49. the compound of any one of claims 1-44, wherein the compound is of formula (W-IV), (W-IVA), (W-V), (W-VA), (W-VI), (W-VIA), (VII), (VIII), (IX) or (X):

Or a pharmaceutically acceptable salt thereof.

50. A compound selected from the group consisting of:

or a pharmaceutically acceptable salt thereof.

51. A pharmaceutical composition comprising a compound of any one of claims 1-50 and a pharmaceutically acceptable carrier.
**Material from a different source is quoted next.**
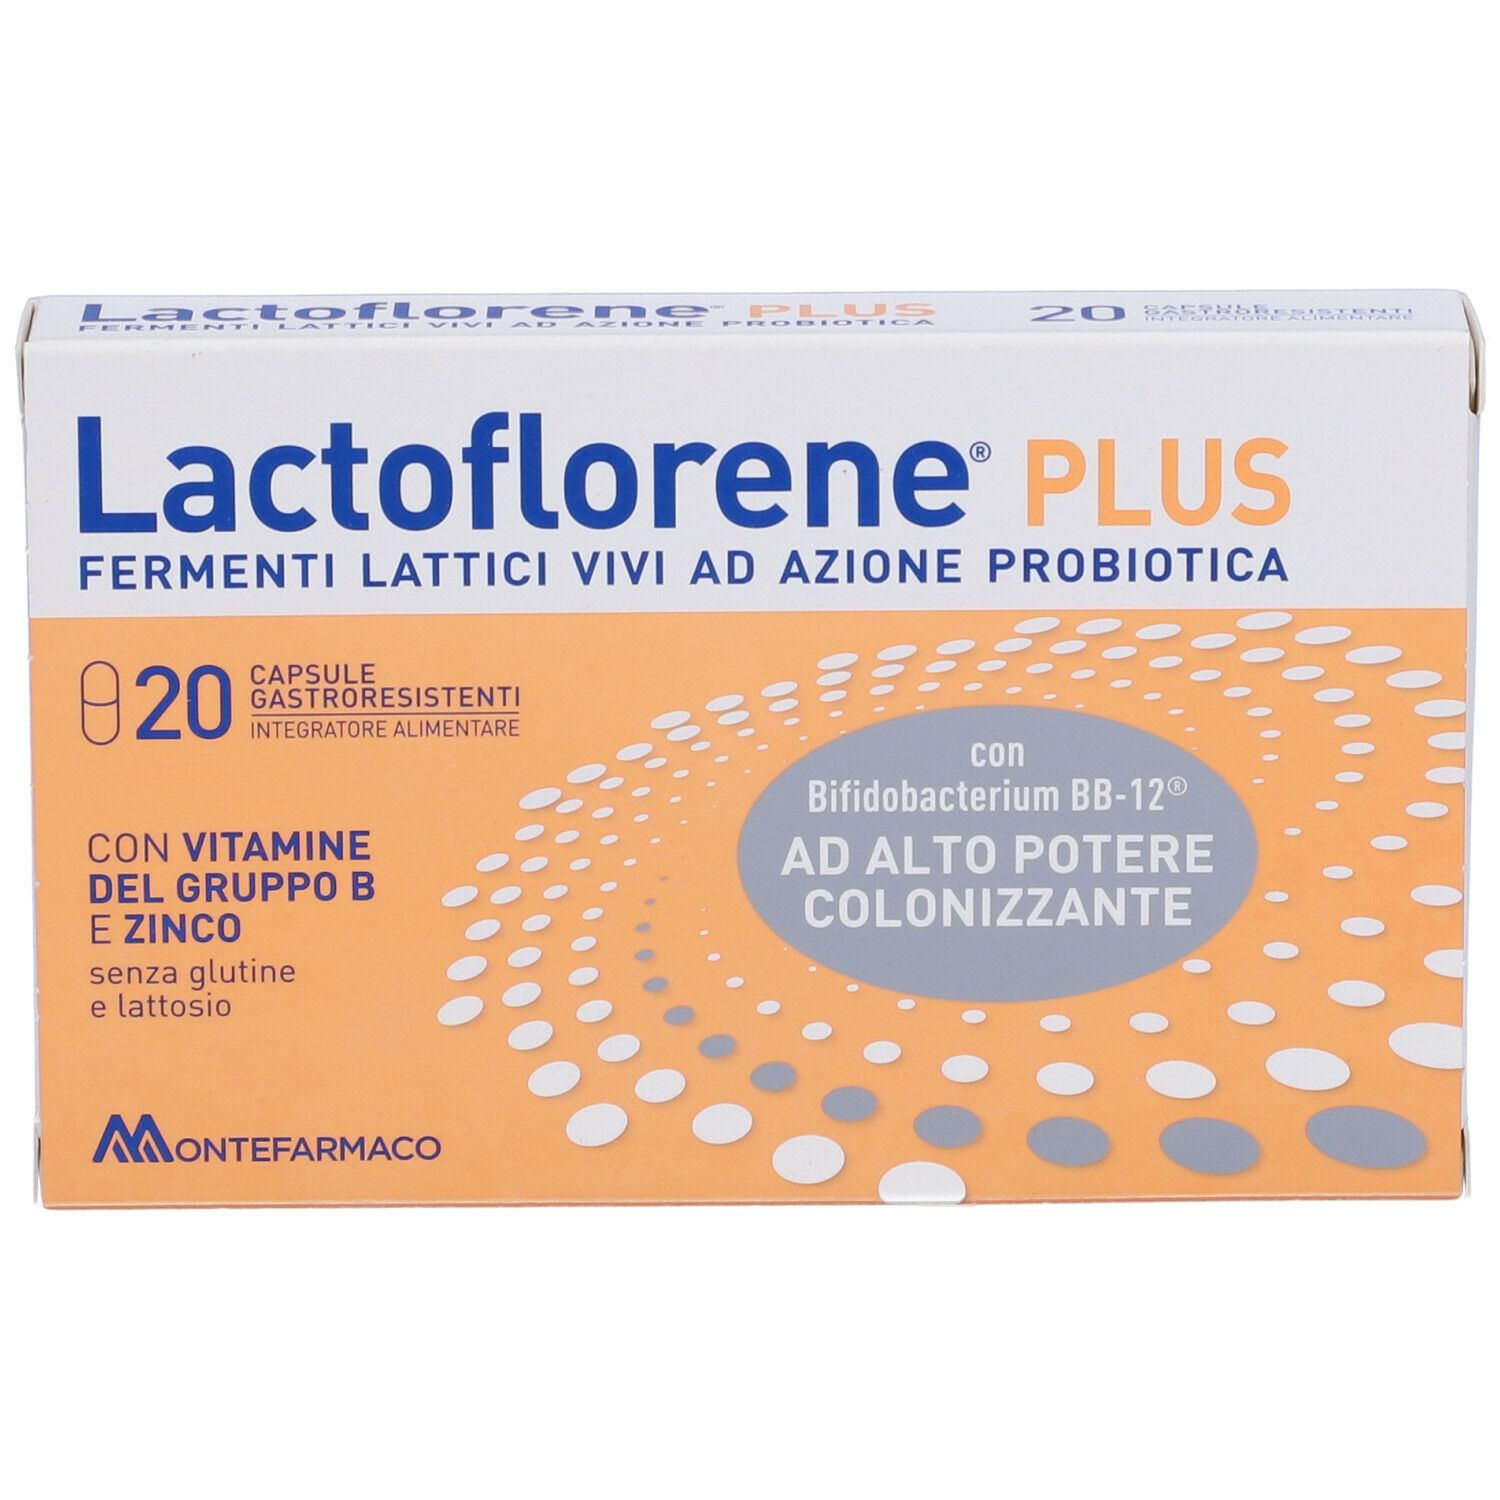 Lactoflorene® PLUS

52. A method of modulating androgen receptor activity, comprising administering to a subject in need thereof a compound of any one of claims 1-50.

53. The method of claim 52, wherein said modulating androgen receptor activity is for treating a condition or disease selected from prostate cancer, breast cancer, ovarian cancer, bladder cancer, pancreatic cancer, hepatocellular carcinoma, endometrial cancer, salivary gland cancer, hair loss, acne, hirsutism, ovarian cysts, polycystic ovary disease, precocious puberty, spinal and bulbar muscle atrophy, or age-related macular degeneration.

54. A method of treating cancer comprising administering to a subject in need thereof a compound of any one of claims 1-50.

55. A compound selected from:

or a pharmaceutically acceptable salt thereof, wherein a, b, c and d are each independently integers between 1 and 10.